In fact, I know I've done the same mage fluff-wise at wildly different point levels based on different systems.
School-List "default" Magic (One Skill per Spell)
Improvisational "School Skill" (25-30 skills to cast everything)
Single-skill Magic (Varying roll penalties for different spells)
"Super Powers" (works kind of like HERO system, using Basic Set 4e and Powers. 4e Supers is more of a "these are the genre directives and how to use the Basic Set and Powers to make your hero!")
The "generic" books for 4e tend to be more generic than even 3e, focusing more on genre conventions than settings, even if they usually have a chapter with a sample setting.
The core assumption of 4e is that folks are doing an Infinite Worlds campaign.

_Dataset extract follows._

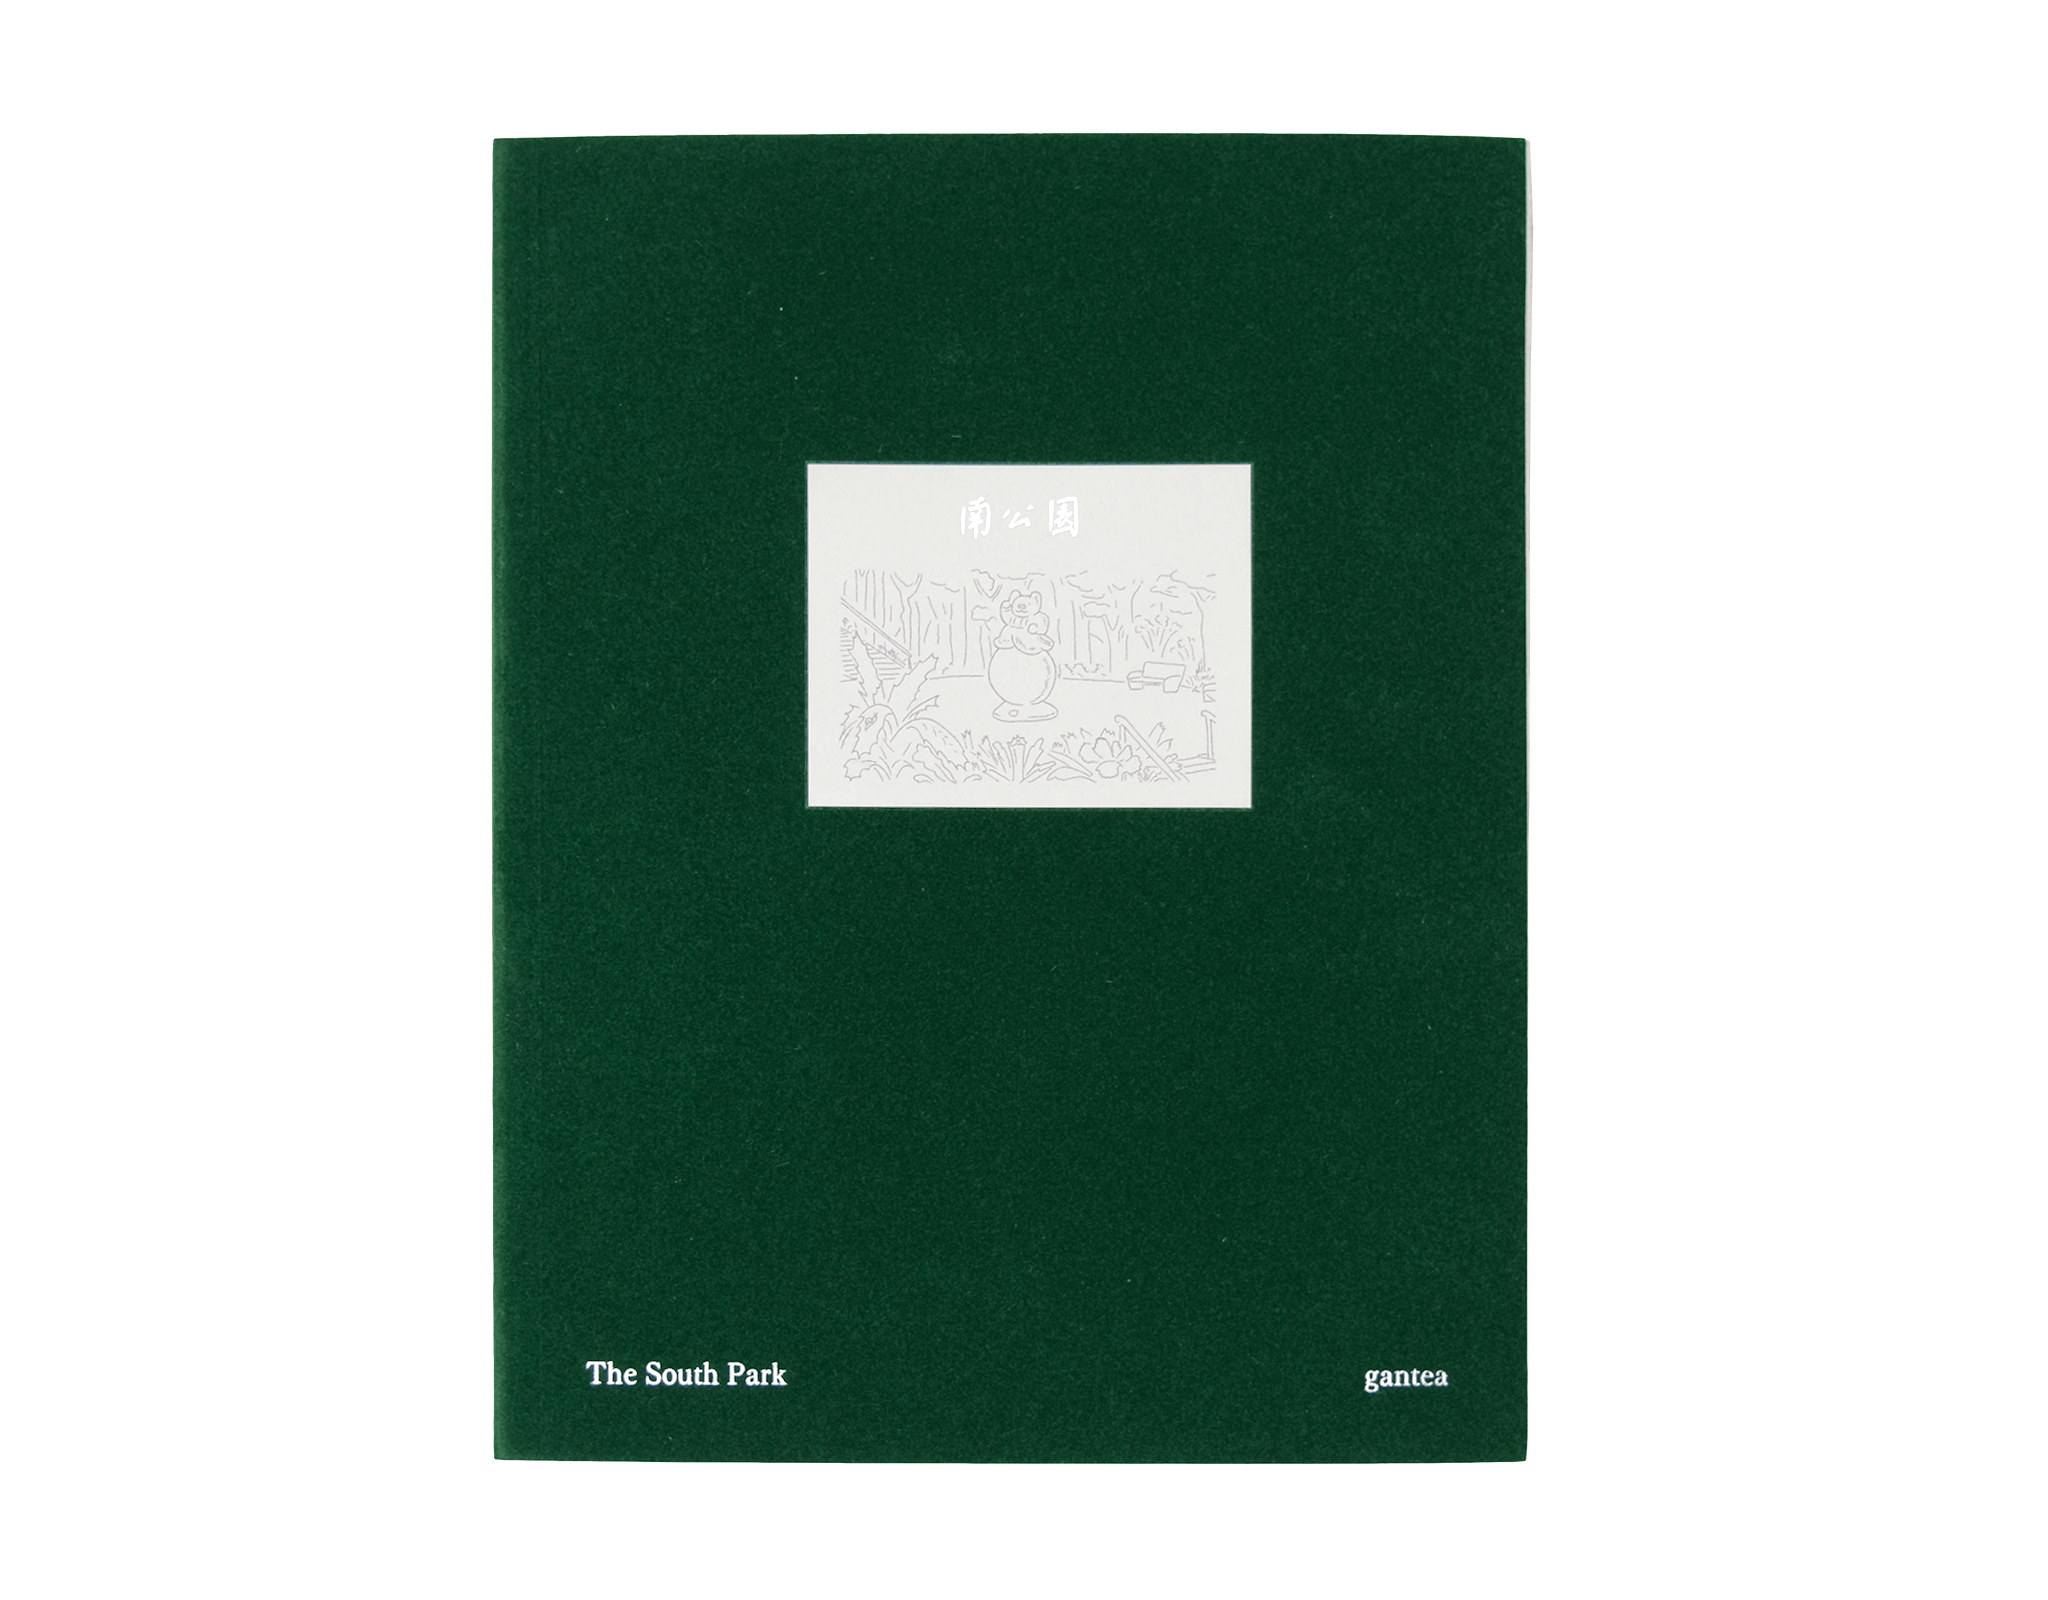 The velvety dark green cover, with a tiny reflective illustration of a scene from the park right in the center.

There's still plenty of space for one-world settings, but a lot of the flavor text makes the assumption. Fantasy Includes an Infinite Worlds-style write up for "Roma Arcana" or a High Fantasy Rome. However, there's more than enough in the 4e Fantasy book that one isn't beholden to that specific setting. 3e's Fantasy setting is now its own book, Banestorm.
SJGames has yet to release the 4e equivalent of the Math-gasm like Vehicles or Mecha, but from write-ups in 4e Space they're focusing more on the end results than the Engineering.